- Battle of Graham's Fort: Part of the American Revolutionary War
| Date | September 1, 1780 |
| Location | Present-day Grover, Cleveland County, North Carolina |
| Result | Patriot victory |

Belligerents
- Loyalist militia: Patriot militia

Commanders and leaders
- Parker Campbell (WIA): William Graham

Strength
- 24: 3

Casualties and losses
- 1 Killed 4 wounded: None

= Battle of Graham's Fort =

1781 battle of the American Revolutionary War

The battle of Graham’s Fort took place on September 1, 1780 between Patriot and Loyalist militias in present day Cleveland County, North Carolina. Colonel William Graham had built a large log cabin near Buffalo Creek, which would eventually be regarded as Graham’s Fort.
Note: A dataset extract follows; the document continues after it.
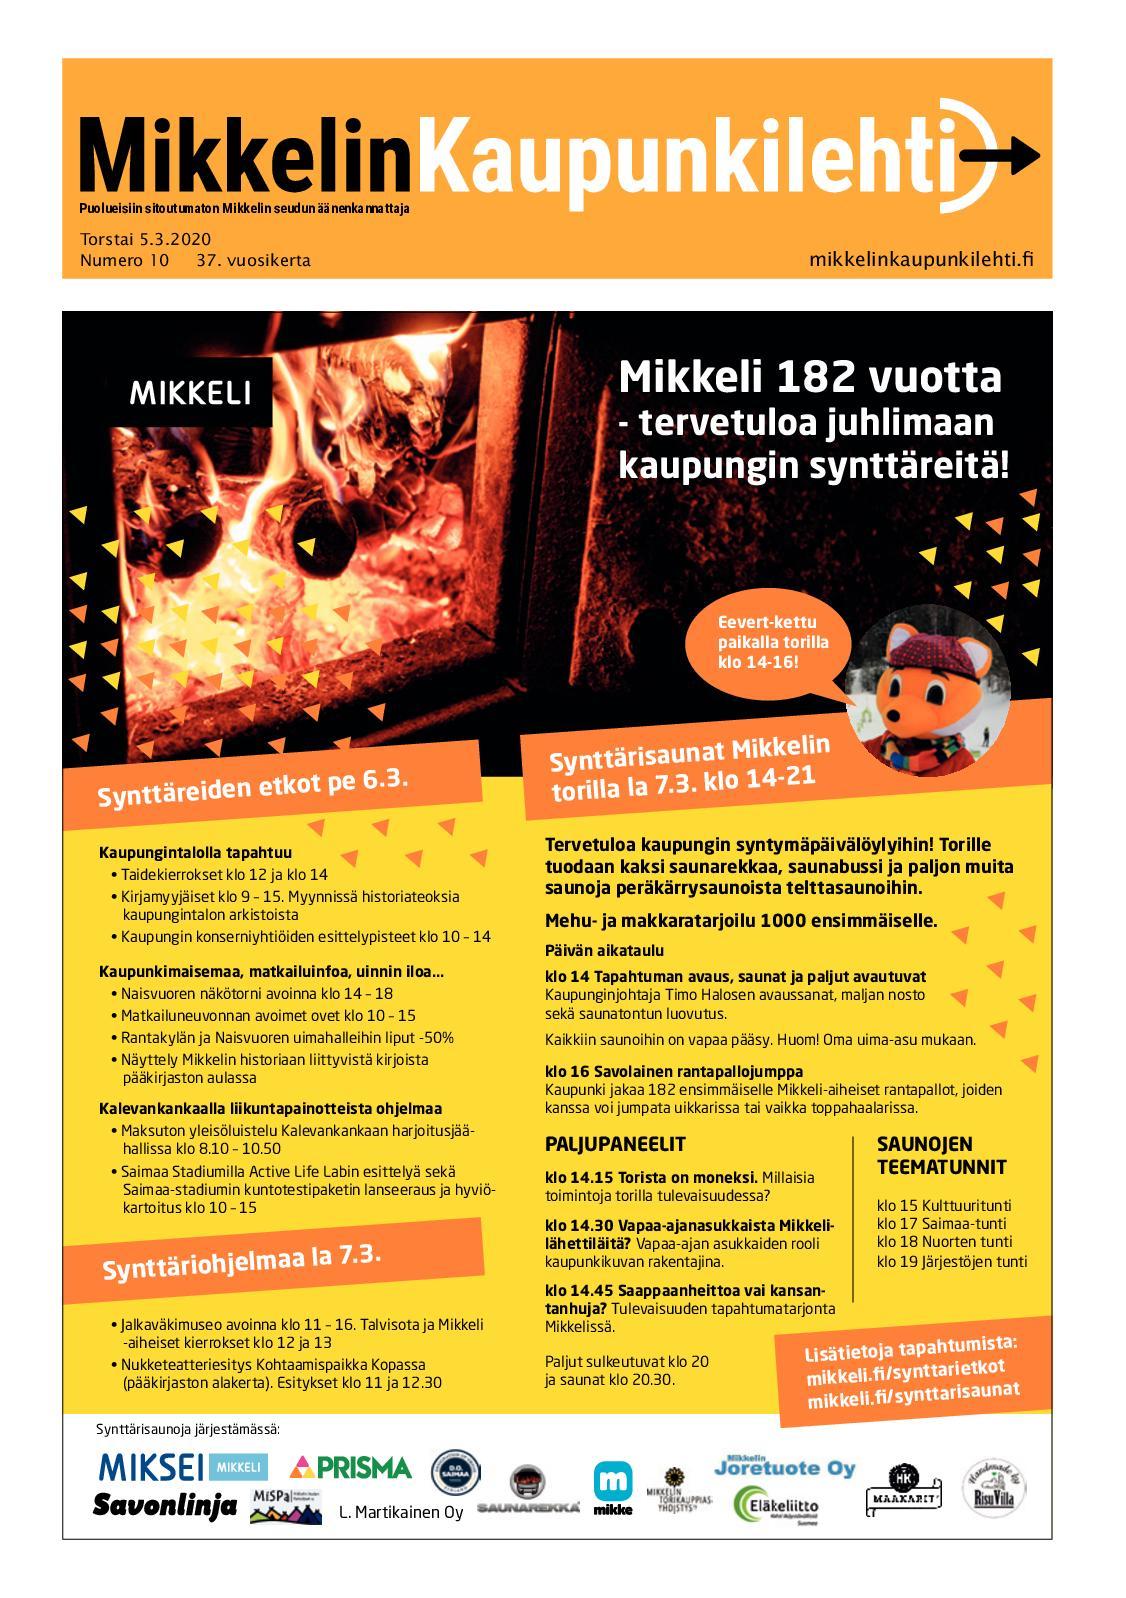 Johtava matkailusivusto suomalaisille paketti- ja omatoimimatkaajille
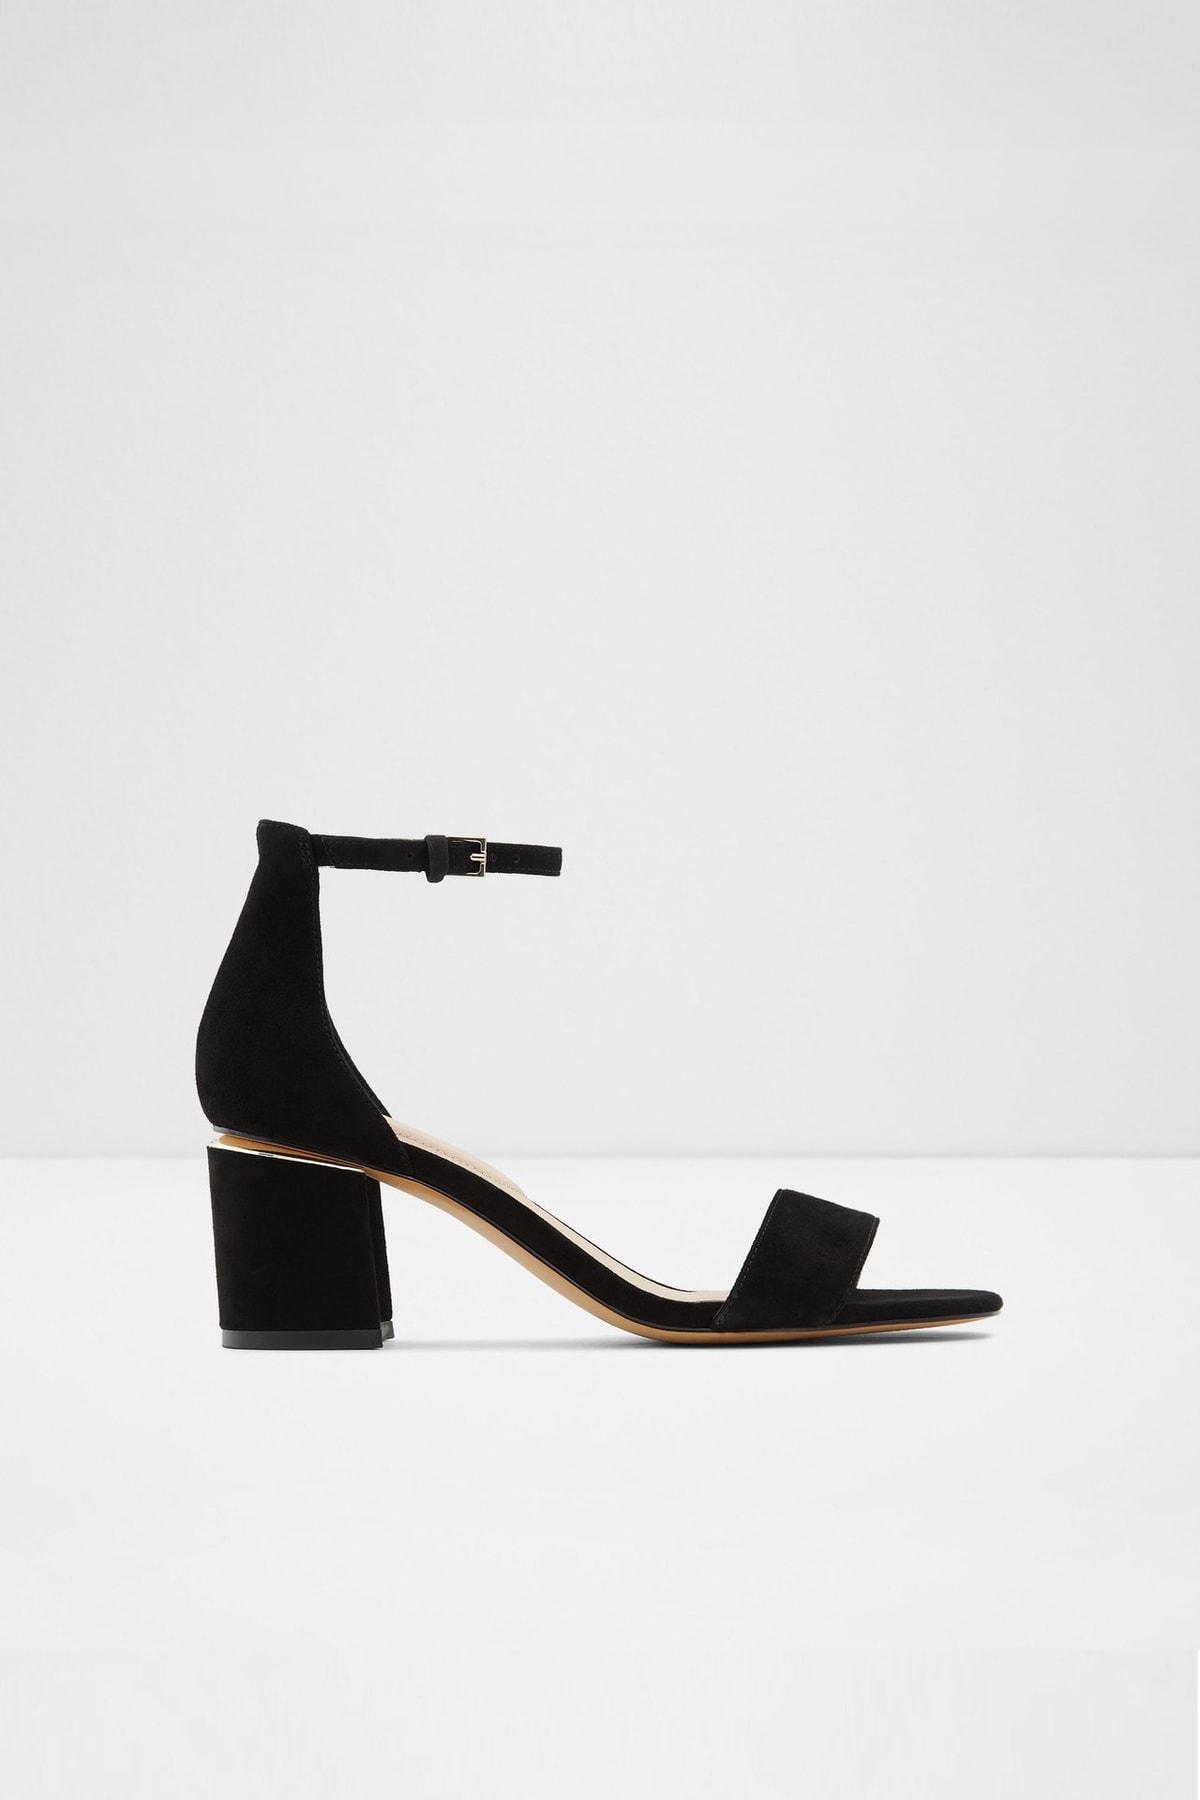 Aldo Valentına - Siyah Orta Topuklu Sandalet 1

On September 1, a group of Loyalists approached the building and demanded that Graham surrender himself. Graham refused and the two groups exchanged fire. One Loyalist approached the structure, placed the muzzle of his gun into a crack and discharged the weapon. Seeing this, a seventeen-year-old woman is said to have pushed her brother down to save him from being shot. The Loyalist was shot in the head. Next, according to legend, the young woman unbolted the door and ran out to retrieve the fallen Loyalist's gun and ammunition for the use of the men in the fort. After losing one man and having four others wounded with no success the Loyalists withdrew. Colonel Graham had his pregnant wife and everyone else in the cabin moved to a safer location. After Graham and those with him withdrew, the Loyalists returned. They plundered the cabin and took six of his slaves. Today, a state historic marker entitled with the name of the battle denotes the site of the engagement. This was the smallest battle fought during the American Revolutionary War.